Research Expertise and Interest
architecture and urban design and theory
Research Description
René Davids, F.A.I.A., is a principal of Davids Killory Architecture. Work includes housing for extended families and homeless mothers and children, and residential work along the state of California. The design work of Davids Killory Architects has been published around the world and honored with numerous awards, among them two Presidential Design Awards from the National Endowment for the Arts, three AIA National Honor Awards, and three Progressive Architecture Awards. Davids was awarded( with Taylor Medlin) the first Prize in the 43rd Central Glass Competition in Tokyo, Japan. He has also been awarded the John Simon Guggenheim Memorial Foundation Fellowship for research on the hillside elevators of Valparaíso, Chile, and is currently working on a book that examines the relationship between technology, topography, and urbanism in selected Latin American cities.
With Christine Killory, Professor Davids co-edited the AsBuilt series published by Princeton Architectural Press which explores interrelationships among architectural forms, materials, and technologies; three volumes have been published: AsBuilt 1: Details in Contemporary Architecture (2007), AsBuilt 2: Detail in Process (2008), and AsBuilt 3: Details Technology and Form (2012); the series was supported in part by a grant from the Graham Foundation. The City Review has qualified the books in the series as “non-nonsense books about a lot of sensational and wonderful projects that are filled with fabulous photographs and drawings and good technical commentary."

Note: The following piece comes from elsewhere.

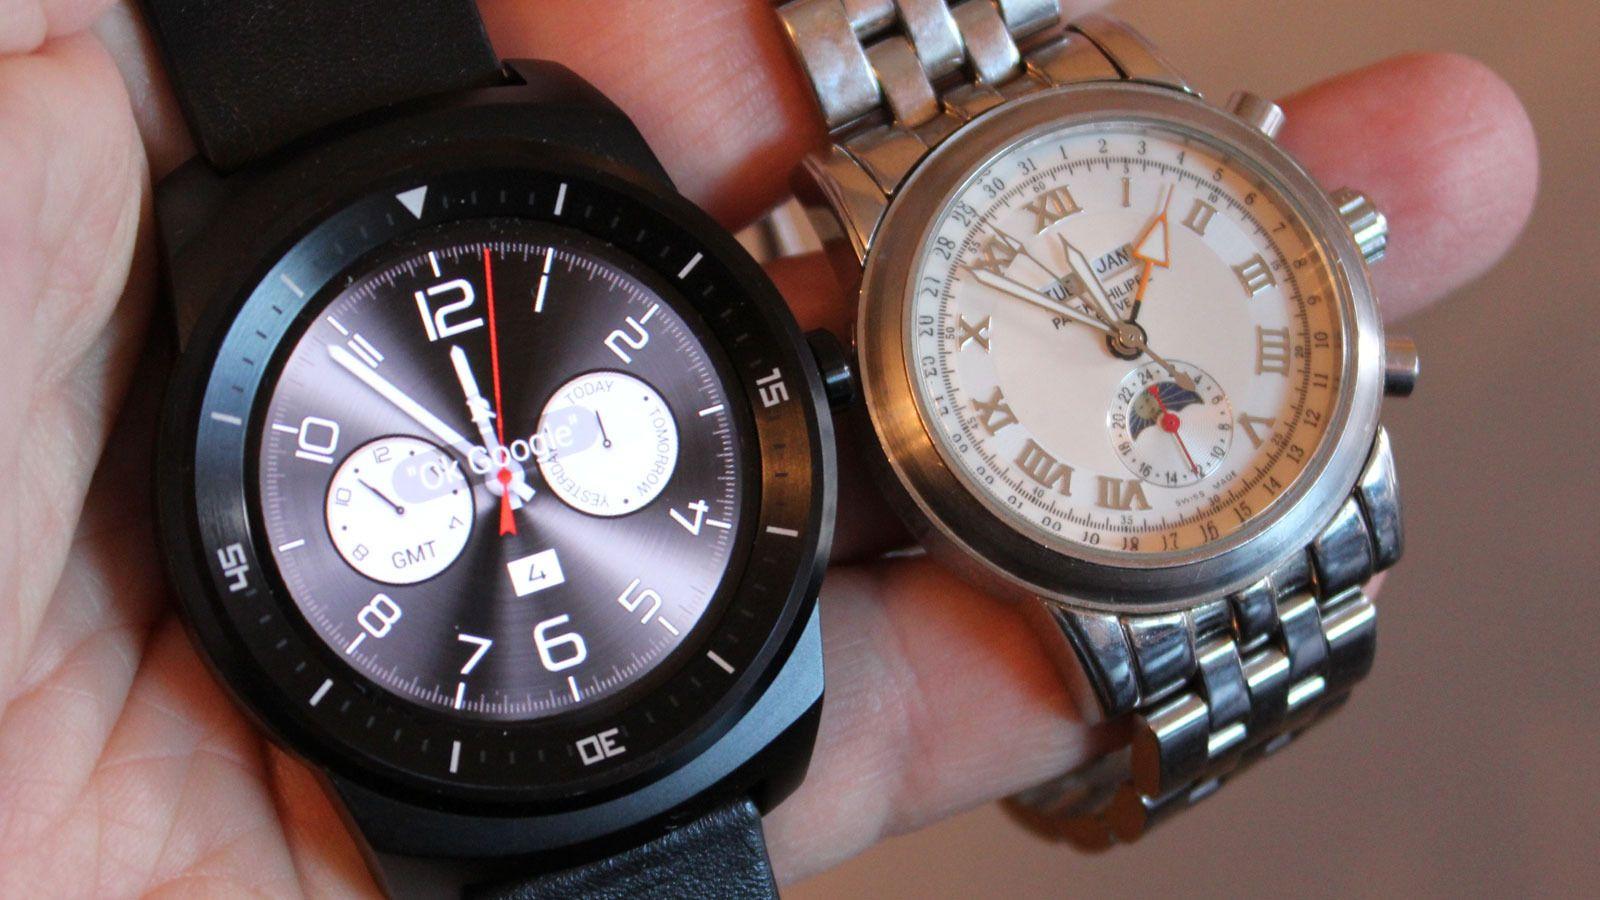 LGs G Watch R likner til forveksling på en vanlig klokke. Men videre smekker er den ikke. (Foto: Espen Irwing Swang, Tek.no)

Davids has also edited and substantially contributed to Shaping Terrain: City Building in Latin America (University Press of Florida, Spring 2016). Research for the book was supported in part by a John Simon Guggenheim Memorial Foundation Fellowship and the Fulbright Specialist Program. The Journal of Latin American Geography in reviewing the book points out that the Latin American urban aesthetic in Shaping Terrain: City Building in Latin America adapted to the contours of both natural and social landscapes in the New World sets the stage for a series of well-crafted essays, each one easily standing alone as a case study of a particular architectural form in a specific urban setting. Collectively, they remind the reader of the very premise of geographical space, of site and situation, and elaborate on topographical and human imperatives influencing the landscape”. Davids has also written articles that have appeared in Studies in the History of Gardens & Designed Landscapes, The International Journal of the Constructed Environment the Journal of Urban Design, and Places Magazine among other publications.
Davids was educated at the Escuela de Arquitectura y Urbanismo at the Universidad de Chile. After winning the prestigious National Arts award in Santiago for an art project, kept in the Museo de Bellas Artes collection in Santiago de Chile, Davids was awarded a fellowship by the British Council to study art and architecture at the Royal College of Art in London UK. After graduating he was invited to teach at the Royal College, UK, the Architectural Association School of Architecture, U.K, and the McIntosh School of Architecture at the Glasgow School of Art, UK. Davids has also taught at the schools of architecture at the University of Illinois at Chicago, Universidad de Chile, Universidad Católica de Chile, the Universidad Católica del Perú, University of California at San Diego, the University of Arizona, the University of New Mexico and has been an invited critic in schools around the US and the world.